Los ojos de Alaric se estrecharon y, sin decir palabra, empujó a Armand con fuerza en el pecho, haciéndolo tropezar hacia atrás y maldecir por lo bajo.

—¿Crees que esto es paranoia? —gruñó Alaric, agarrando la pala que estaba en el suelo como un arma—. Imagina los titulares si alguien viera tu estúpida mandíbula manchada de sangre o notara las marcas de mordida… oh espera, ese eres tú, Sr. Vampiro Encantador. Todos sabrían exactamente qué psicópata eres.
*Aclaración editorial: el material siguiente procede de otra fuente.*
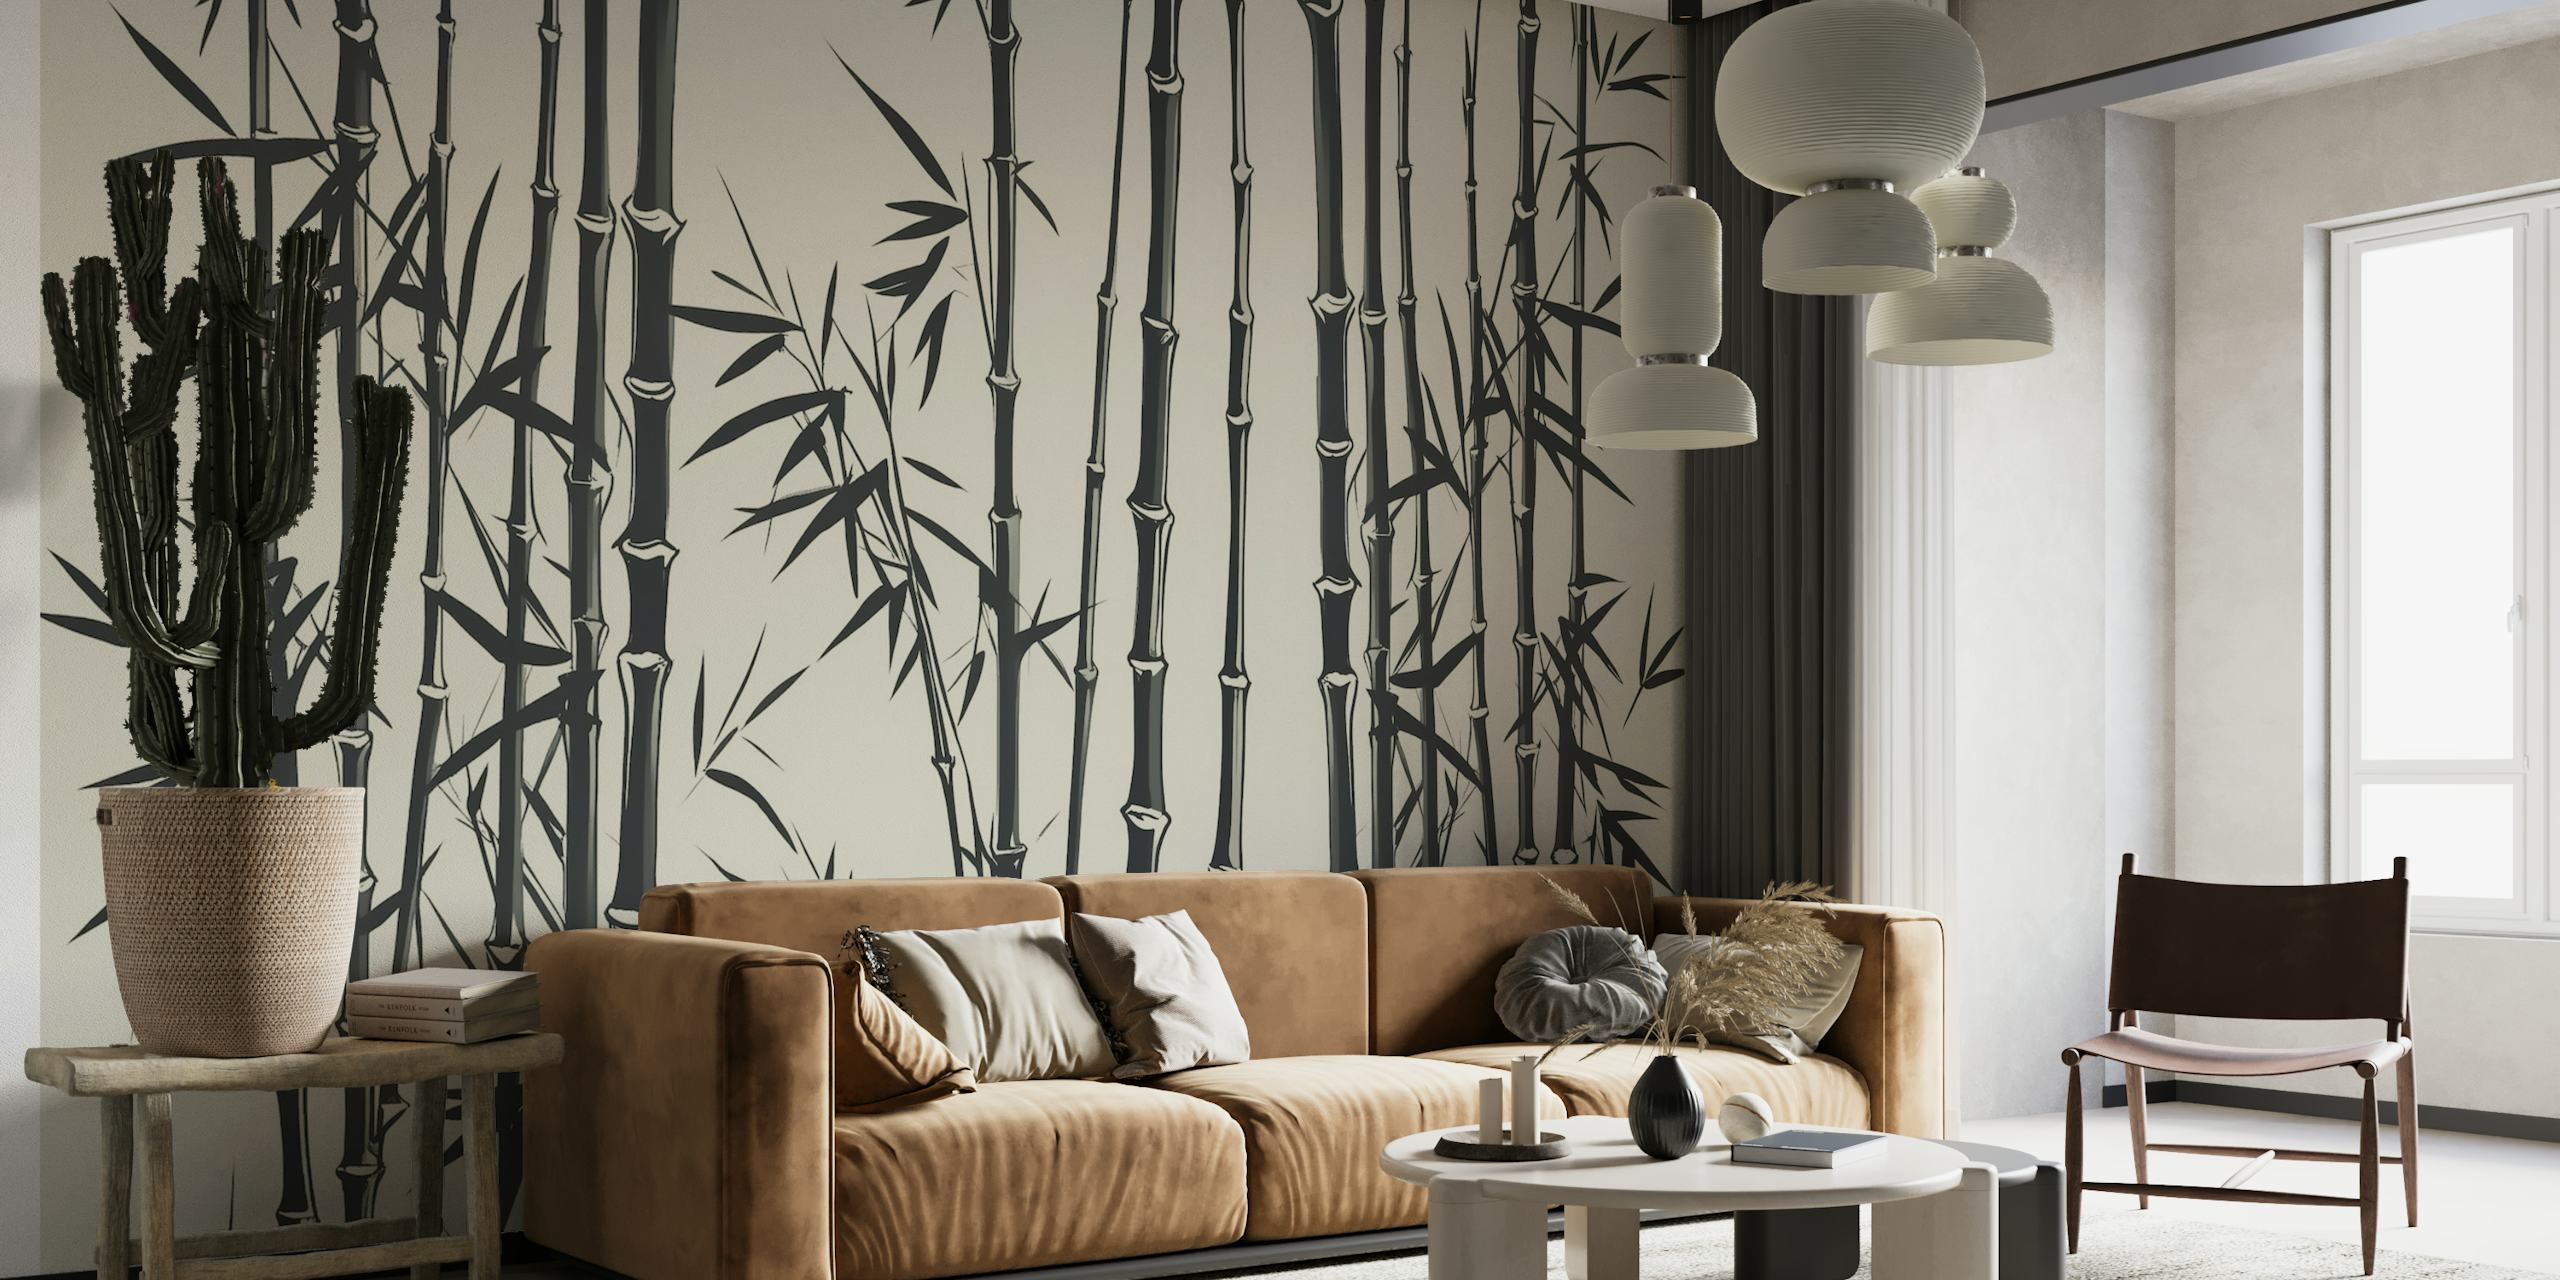 Bambusgræsvægmaleri i art deco-stil i sort og hvid på cremebaggrund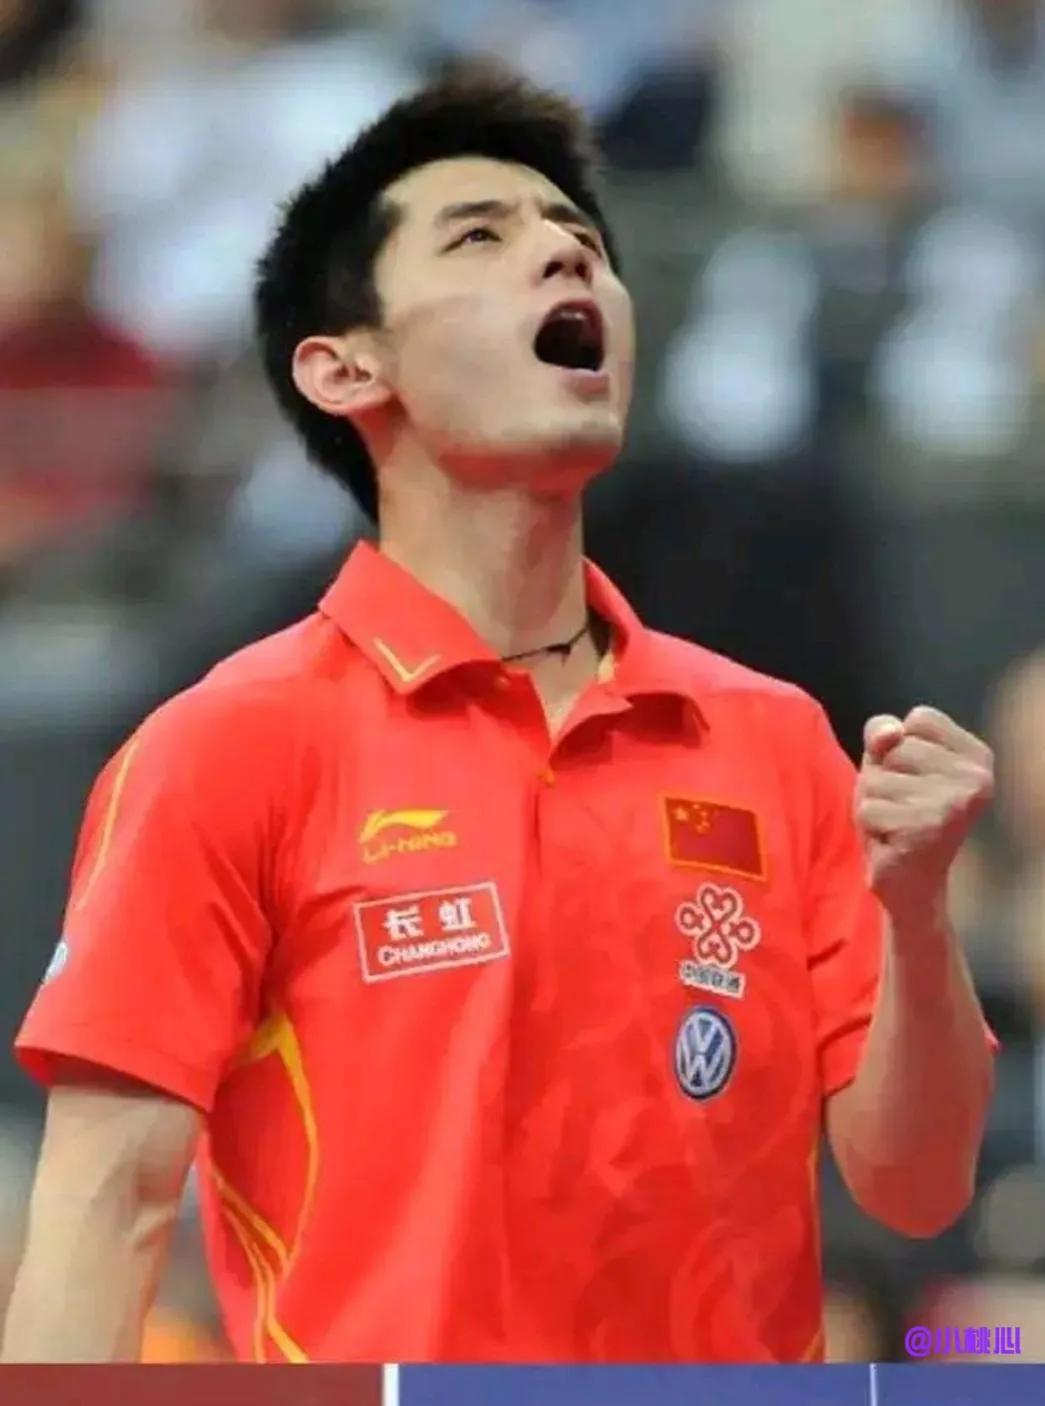 

非常非常的震惊，他是中国男子乒乓球史上第三位大满贯选手，也是乒乓球史上第七位

Armand ladeó la cabeza, con sangre seca brillando bajo la luz de la luna en la comisura de su boca, y la lamió casualmente, como desafiando a Alaric a perder el control. —Dices eso como si fuera algo malo.

Alaric se pellizcó el puente de la nariz y soltó un largo y exasperado suspiro. —Eres insoportable. Literalmente insoportable. —Le apuntó con un dedo—. Pareces un completo idiota ahora mismo. ¿Y si alguien viera eso? Oh, qué espectáculo. Serías la estrella del siglo, y no de buena manera.

Armand se rio, un sonido bajo y divertido que irritaba los nervios de Alaric. —Relájate. No hay nadie cerca para juzgarme.

Alaric lo pinchó de nuevo con la pala. —Realmente no tienes concepto de sutileza, ¿verdad?

Armand se limpió la comisura de la boca con el dorso de la mano, todavía sonriendo. —La sutileza es aburrida.

Alaric negó con la cabeza y murmuró, más para sí mismo que para Armand:

—Eres tan estúpido a veces… Juro que no sé por qué me molesto.

Armand sonrió con suficiencia, disfrutando de poner a Alaric de los nervios. —Vamos a la fiesta después de esto, gemelo. ¿Qué te parece?

Aunque Armand era como el tranquilo, pero con su hermano… es un niño mimado. Y Alaric siempre termina limpiando su desastre… así que se acostumbró a que le ayudaran y literalmente se volvió completamente inútil, siempre apoyándose en Alaric para todo.

—¡Nos vamos a casa! —ladró Alaric, cortándolo a media frase, su voz aguda y autoritaria, cortando la sonrisa de Armand.

Armand parpadeó, momentáneamente desconcertado, con una risa amenazando con escapar, pero Alaric no le dio la oportunidad. —Nada de fiesta… has perdido la oportunidad… Pareces un idiota ensangrentado. Nos vamos a casa antes de que alguien te vea y yo pierda la cabeza.

Armand levantó una ceja, su sonrisa temblando. —¿Tú… hablas en serio?

Alaric lo señaló, su expresión fría como piedra. —Completamente en serio. Ahora muévete. Hemos terminado con esta idiotez. A casa. Ahora.

Armand puso los ojos en blanco, pero sabiendo cuándo no presionar, finalmente se encogió de hombros. —Bien, bien… genio gemelo, guía el camino.

Alaric ni siquiera miró atrás, ya marchando adelante con determinación, dejando a Armand murmurando y negando con la cabeza, aunque secretamente le gustaba esta parte arrogante de su gemelo, porque entonces su energía coincidiría con la suya.